The beauty of ASL is you can express an entire concept in a single sign, rather than by the name of a word. The signs are generally intuitive and wonderfully creative. To express "DNA" Farovitch uses two fingers of each hand touching the tips of the opposite hand; then he draws both the hands away to suggest the double helix form of the hereditary material present in most organisms.
"If you can show it, you can understand the concept better,'' says the Canadian-born scientist. "I feel I can explain science better now."
The hope is that as ASL science vocabulary expands more, deaf and hard-of-hearing students will be encouraged to pursue the STEM fields. "ASL is not just a tool; it's a language. It's a vital part of our lives," Farovitch explains through his interpreter.
The deaf community is diverse—within and beyond the sciences. Sarah Latchney, PhD, an environmental toxicologist, is among the approximately 90 percent of deaf people born to hearing parents. Hers made sure she learned ASL at an early age but they also sent Latchney to a speech therapist to learn to speak and read lips. Latchney is so adept at both that she can communicate one-on-one with a hearing person without an interpreter.
Like Favoritch, Latchney has developed "conceptually accurate" ASL signs but she has no plans to post them on the crowd-sourcing sites. "I don't want to fix [my signs]; it works for me," she explains.
Young scientists like Farovitch and Latchney stress the need for interpreters who are knowledgeable about science. "When I give a presentation I'm a nervous wreck that I'll have an interpreter who may not have a science background," Latchney explains. "Many times what I've [signed] has been misinterpreted; either my interpreter didn't understand the question or didn't frame it correctly."
To enlarge the pool of science-savvy interpreters, the University of Rochester will offer a new masters degree program: ASL Interpreting in Medicine and Science (AIMS), which will train interpreters who have a strong background in the biological sciences.
Since the Americans with Disabilities Act was enacted in 1990, opportunities in higher education for deaf and hard-of-hearing students have opened up in the form of federally funded financial aid and the creation of student disability services on many college campuses.

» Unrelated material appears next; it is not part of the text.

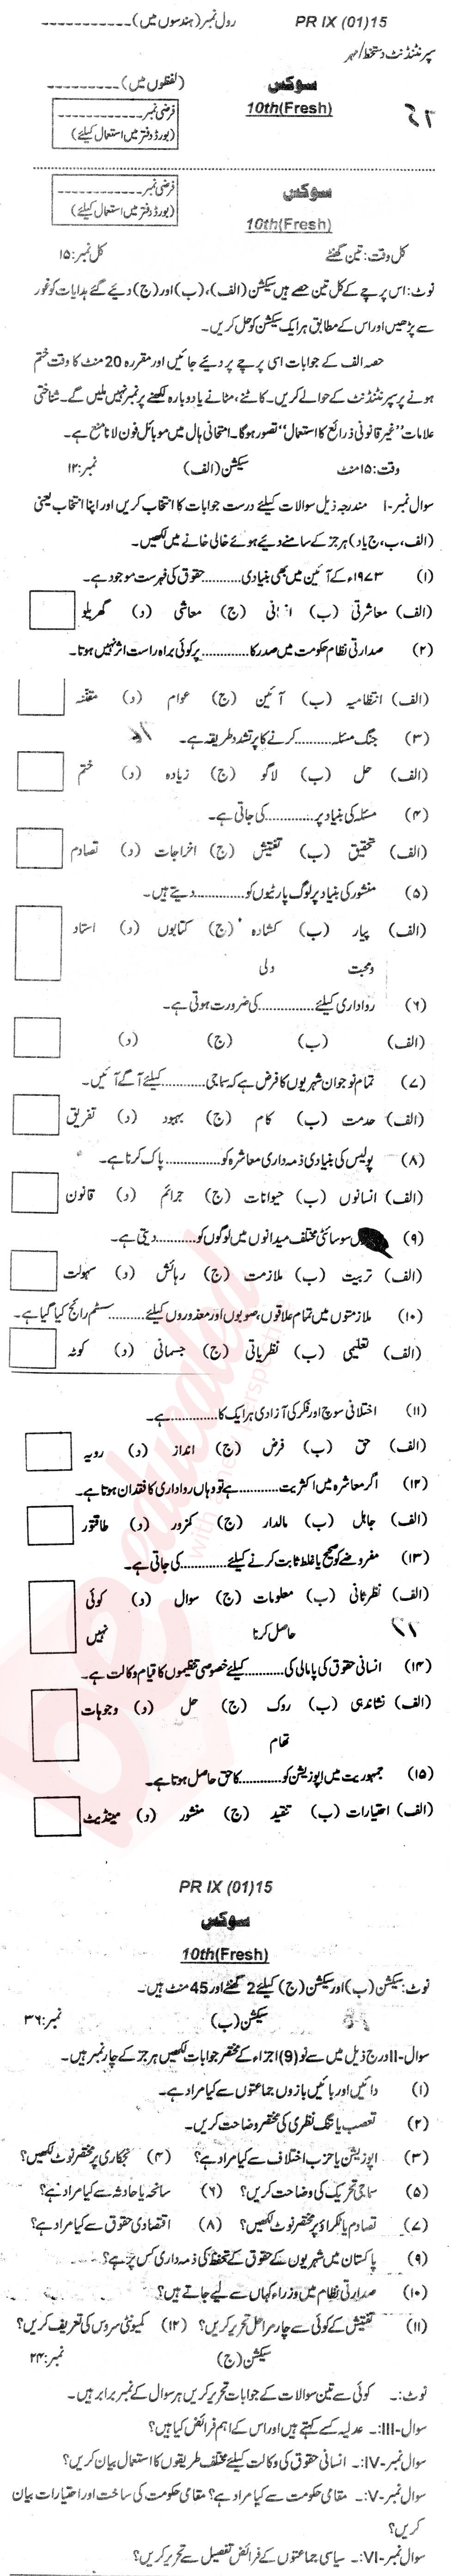 Civics 10th Urdu Medium Past Paper Group 1 BISE Bannu 2015

Still, only 18 percent of deaf adults have graduated from college, compared to 33 percent of the general population, according to a survey by the U.S. Census Bureau in 2015.

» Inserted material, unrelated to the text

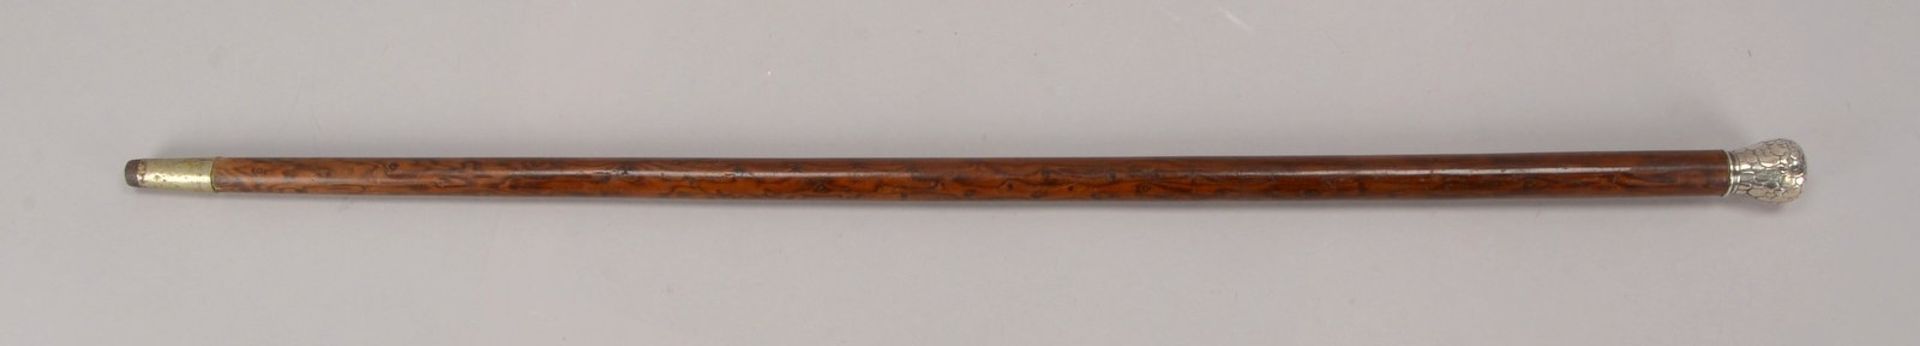 Gehstock, Knauf 800 Silber; Länge 86,2 cm

The University of Rochester and the Rochester Institute of Technology, home to NTID, have jointly created two programs to increase the representation of deaf and hard-of-hearing professionals in the sciences. The Rochester Bridges to the Doctorate Program, which Farovitch is enrolled in, prepares deaf scholars for biomedical PhD programs. The Rochester Postdoctoral Partnership readies deaf postdoctoral scientists to successfully attain academic research and teaching careers. Both programs are funded by the National Institutes of Science. In the last five years, the University of Rochester has gone from zero deaf postdoctoral and graduate students to nine.
"Deafness is not a problem, it's just a difference."
It makes sense for these two private universities to support strong programs for the deaf: Rochester has the highest per capita population of deaf or hard-of-hearing adults younger than 65 in the nation, according to the U.S. Census. According to the U.S. Department of Education, there are about 136,000 post-secondary level students who are deaf or hard of hearing.
"Deafness is not a problem, it's just a difference," says Farovitch. "We just need a different way to communicate. It doesn't mean we require more work."